On 04/04/2024 17:48, Matthew Wilcox wrote:
>>> The thing is that there's no requirement for an interface as complex as
>>> the one you're proposing here.  I've talked to a few database people
>>> and all they want is to increase the untorn write boundary from "one
>>> disc block" to one database block, typically 8kB or 16kB.
>>>
>>> So they would be quite happy with a much simpler interface where they
>>> set the inode block size at inode creation time,
>> We want to support untorn writes for bdev file operations - how can we set
>> the inode block size there? Currently it is based on logical block size.
> ioctl(BLKBSZSET), I guess?  That currently limits to PAGE_SIZE, but I
> think we can remove that limitation with the bs>PS patches.

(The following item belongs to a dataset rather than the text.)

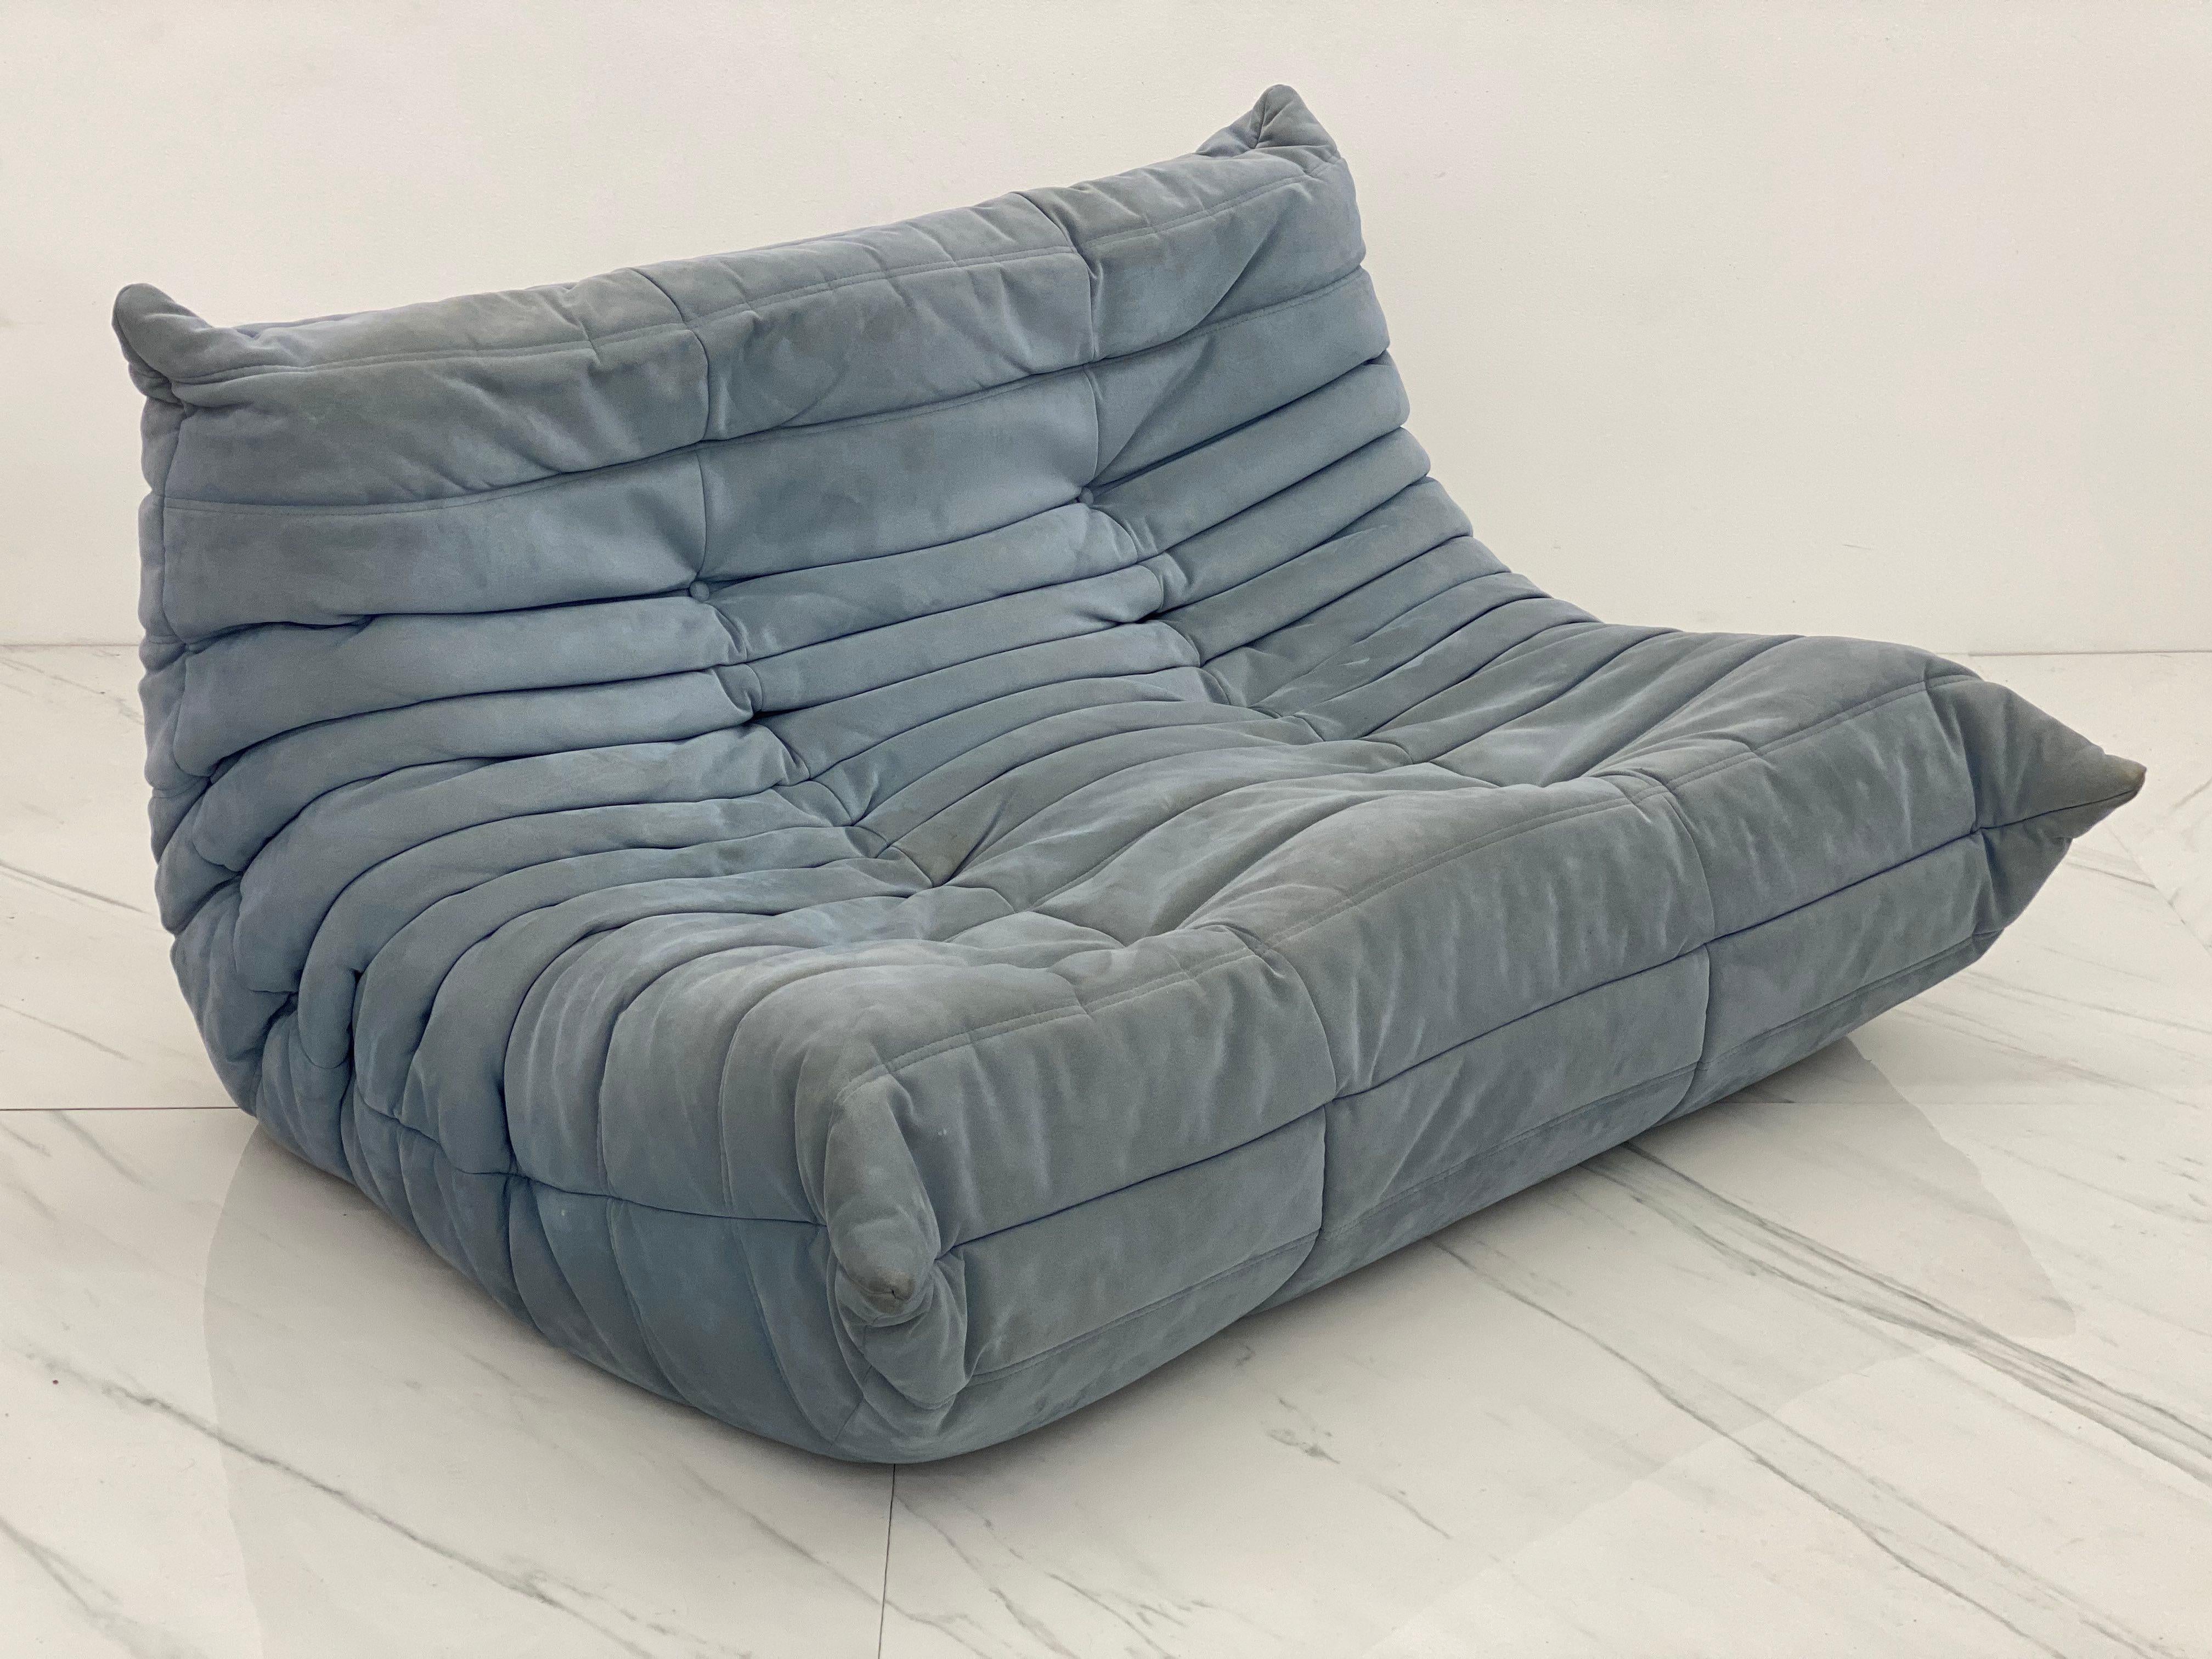 Late 20th Century Baby Blue 'Togo' Sectional Sofa by Michel Ducaroy for Ligne Roset, Signed

We want a consistent interface for bdev and regular files, so that would 
need to work for FSes also. FSes(XFS) work based on a homogeneous inode 
blocksize, which is the SB blocksize.

Furthermore, we would seem to be mixing different concepts here. 
Currently in Linux we say that a logical block size write is atomic. In 
the block layer, we split BIOs on LBS boundaries. iomap creates BIOs 
based on LBS boundaries. But writing a FS block is not always guaranteed 
to be atomic, as far as I'm concerned. So just increasing the inode 
block size / FS block size does not really change anything, in itself.

> 
>>> and then all writes to
>>> that inode were guaranteed to be untorn.  This would also be simpler to
>>> implement for buffered writes.
>> We did consider that. Won't that lead to the possibility of breaking
>> existing applications which want to do regular unaligned writes to these
>> files? We do know that mysql/innodb does have some "compressed" mode of
>> operation, which involves regular writes to the same file which wants untorn
>> writes.
> If you're talking about "regular unaligned buffered writes", then that
> won't break.  If you cross a folio boundary, the result may be torn,
> but if you're crossing a block boundary you expect that.
> 
>> Furthermore, untorn writes in HW are expensive - for SCSI anyway. Do we
>> always want these for such a file?
> Do untorn writes actually exist in SCSI?  I was under the impression
> nobody had actually implemented them in SCSI hardware.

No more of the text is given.